According to a further aspect the invention provides a block apparently intended and suitable as second block for an assembly according to the invention. According to a further aspect the invention provides a block apparently intended and suitable as first block for an assembly according to the invention. In accordance with the above the invention also provides a covering of a bank, coast or dike, including spillways, for protection against wave attacks and water flows, comprising a set of first assemblies of first blocks that each have substantially been formed according to a first substantially regular hexagonal prism having a first prism perimeter surface and a first prism centre line oriented perpendicular to the prism base, wherein each first block comprises a circumferential surface having a contiguous series of side surfaces, wherein the first blocks have been placed against each other in a honeycomb bond having two or more parallel series of blocks, wherein the first blocks in each series are placed against each other with side surfaces that transversely face the series direction, wherein the first blocks in the even series are offset in series direction with respect to the adjacent first blocks in the odd series over a distance corresponding with 0.5 3 x the side of the hexagon of the first prism so that a zig-zag-shaped transition line is formed between adjacent series, wherein the first prism centre lines of the first blocks in each series are situated on a related first series line, wherein the consecutive series lines are situated at a bond distance from each other of 1.5 x the side of the hexagon of the first prism, wherein the first assemblies are placed according to one or more mutually parallel series of first assemblies, which series preferably extend substantially in horizontal main direction along a slope, wherein preferably one series of the first assemblies of deviating assemblies according to the invention form a continuation of a series of first assemblies in series direction.

In one embodiment of the pair of deviating assemblies the stretched longitudinal sides are placed together, according to a divisional surface, and for each block at its stretched longitudinal side at least two grit accommodation spaces that cross the divisional surface are formed, particularly by two cooperating recesses formed in the opposite side surfaces of the blocks at the stretched longitudinal sides.
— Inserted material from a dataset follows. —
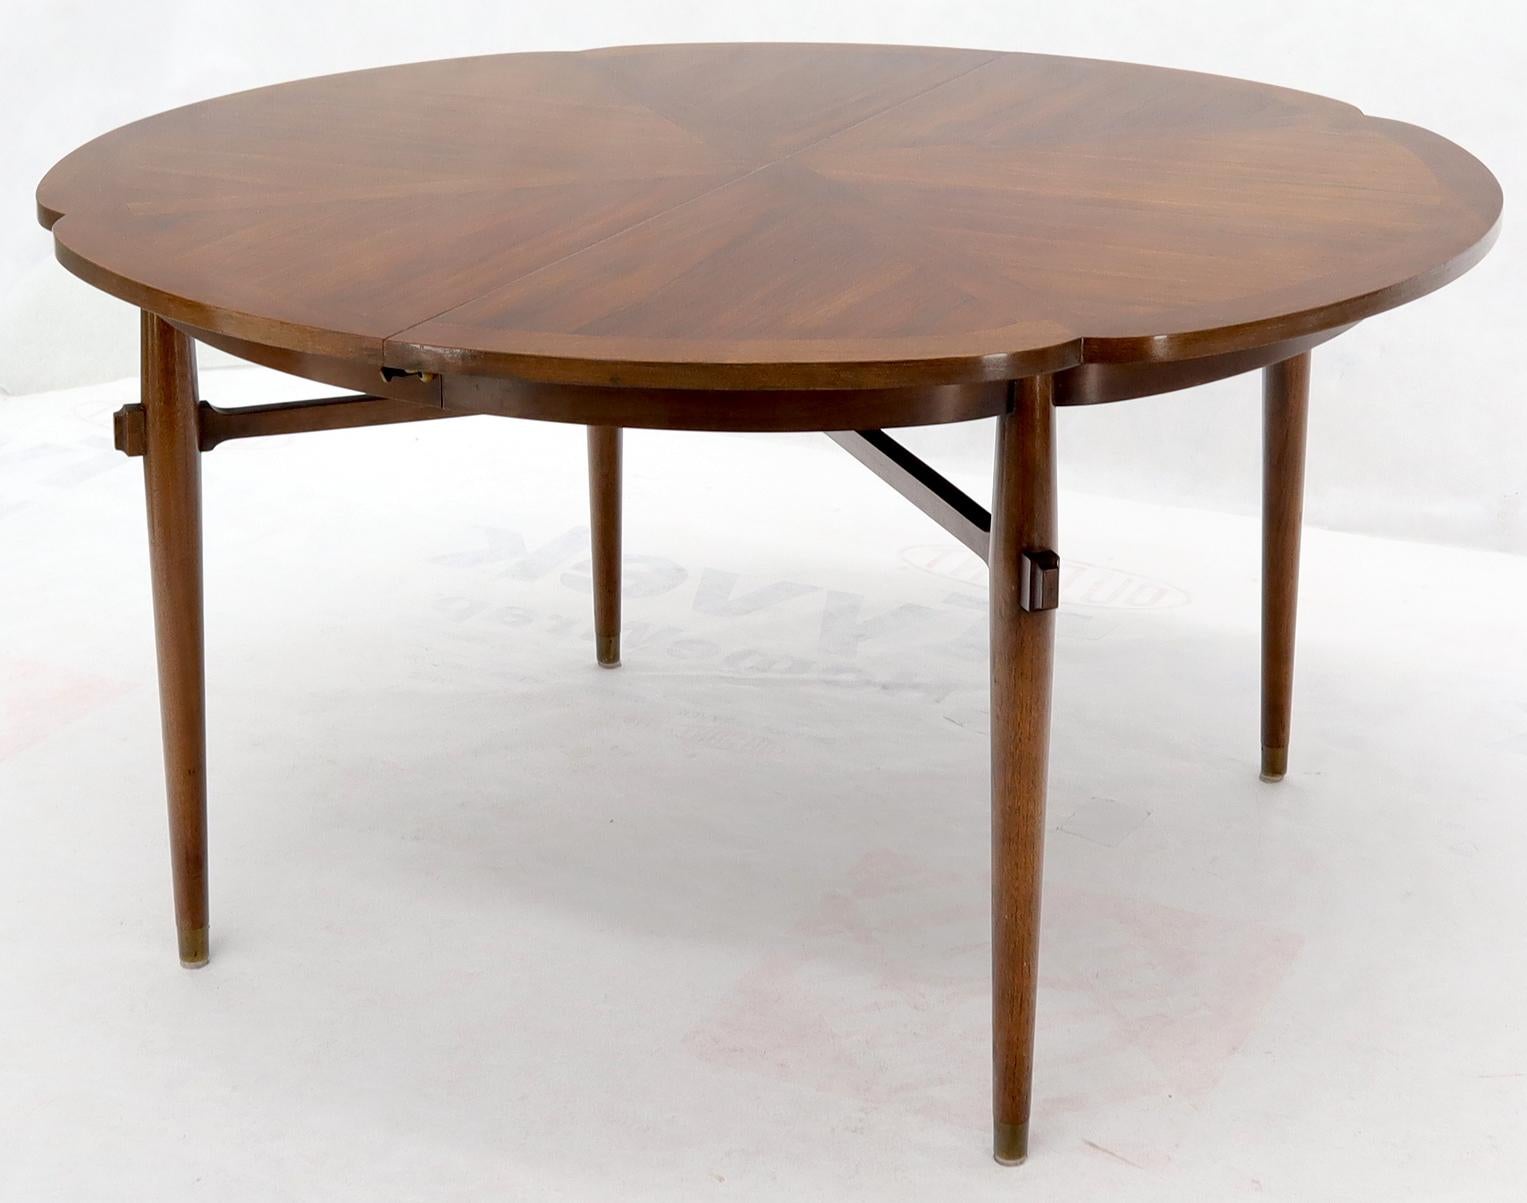 American Walnut Daisy Shape Top Dining Table with Two Extension Boards Leaves

In that case the blocks can be provided with rounded corner areas at the longitudinal ends of the side surfaces situated at the divisional surface, wherein the rounded corner areas form a grit accommodation space with a corner area of an adjacent identical block and a recess in the side surface of an opposite block. In a covering according to the invention the one assembly according to the invention can be designed with a consecutive series of first, second and first recesses in the stretched longitudinal side and the other assembly according to the invention can be designed with a consecutive series of second, first and second recesses in the stretched longitudinal side.

At least one pair of said deviating assemblies can form a continuation of a series of first assemblies. Of the pair of deviating assemblies the stretched longitudinal sides can be placed together. The series of deviating assemblies can particularly be used to follow a curved trajectory of the covering.
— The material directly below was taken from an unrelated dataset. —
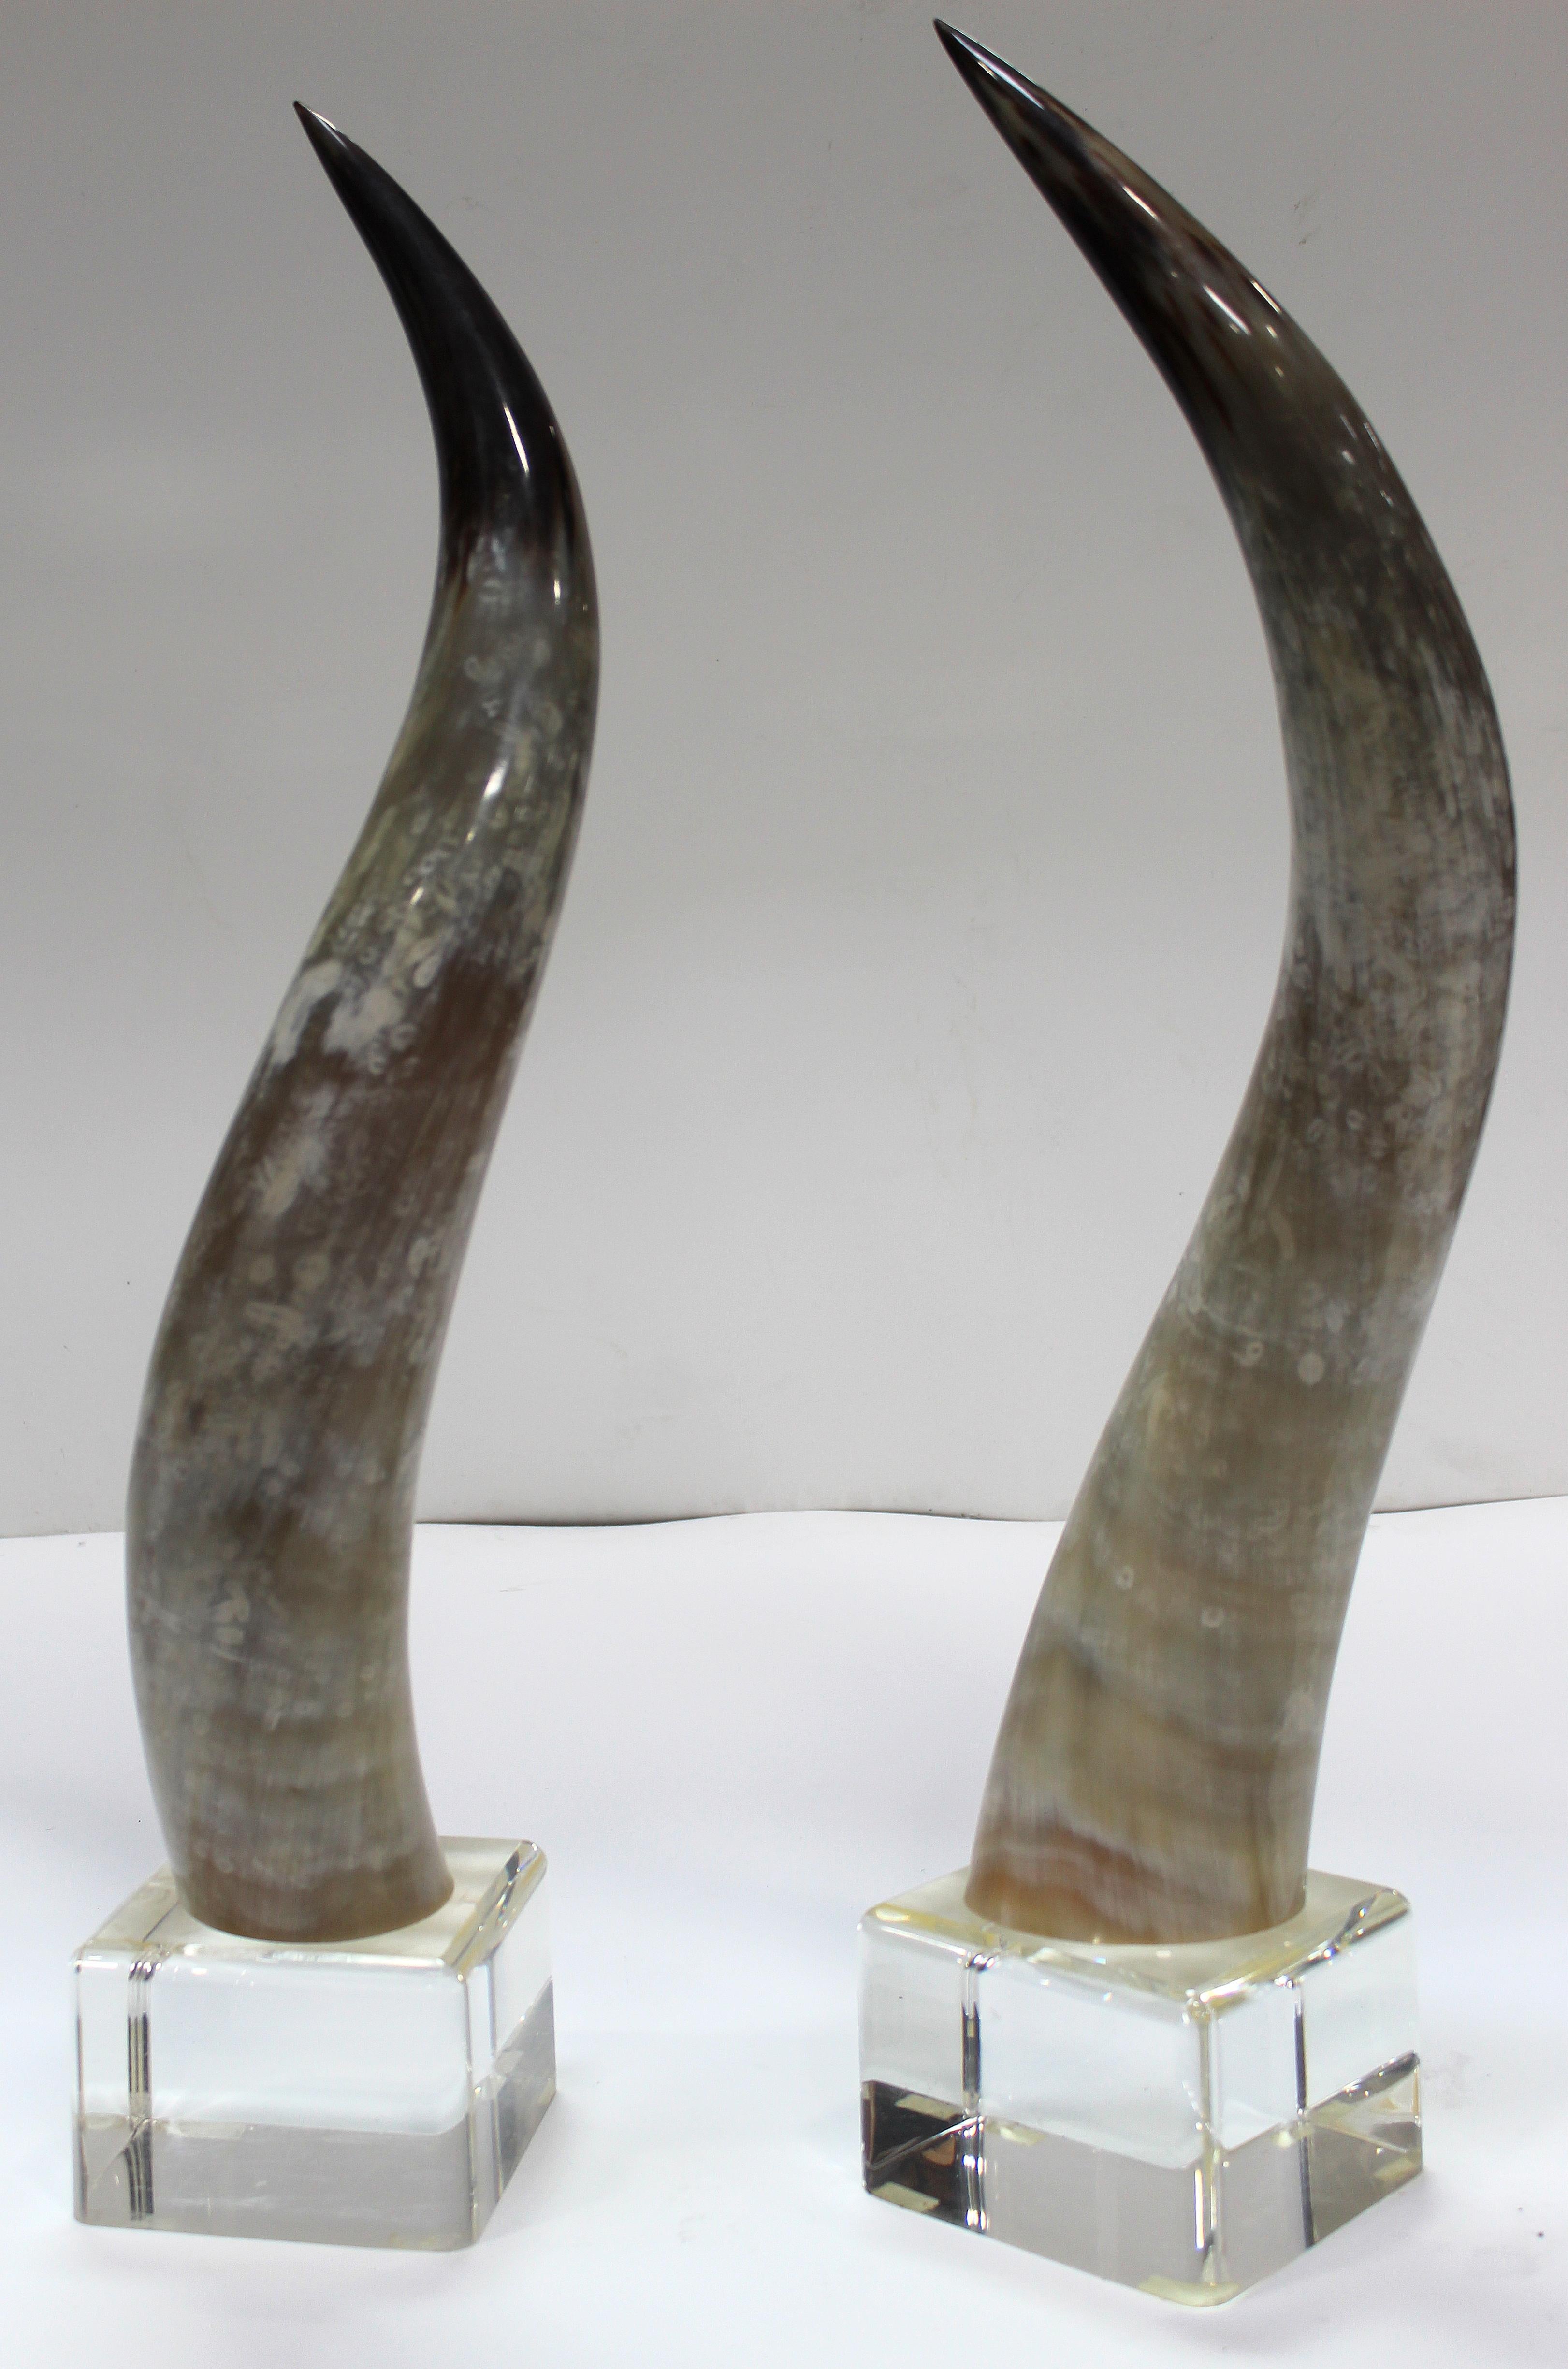 Organic Modern Overscale Longhorn Steer Horns Mounted on Lucite Bases

According to a further aspect the invention provides a covering of a bank, coast or dike, including spillways, for protection against wave attacks and water flows, comprising a number of said deviating assemblies according to the invention, which are placed in two mutually parallel series of those assemblies that are contiguous to each other and preferably extend in substantially horizontal main direction along a slope, wherein the assemblies in the first series with their stretched longitudinal side abut the stretched longitudinal side of the second series.

According to a further aspect the invention provides a block for covering a bank, coast or dike, including spillways, for protection against wave attacks and water flows, which block at least approximately forms a prism having a prism perimeter surface, wherein the block comprises an upper surface, a lower surface and a circumferential surface having a contiguous series of side surfaces, wherein a first and a second side surface adjacent thereto extend according to a first and a second side of the perimeter surface, which sides have a mutually equal length (a) and are at an angle of 120 degrees to each other, wherein a third side surface and a fourth side surface respectively extend according to a third and a fourth side of the perimeter surface, that are contiguous to the first and second side surface, at angles of 120 degrees, and wherein a fifth side surface extends according to a fifth side of the perimeter surface that is contiguous to both the third and the fourth side surface, at angles of 90 degrees, wherein the third and fourth sides have a length of approximately 1.25(a). Such a block can be used as said second block in an assembly according to the invention, with comparable advantages.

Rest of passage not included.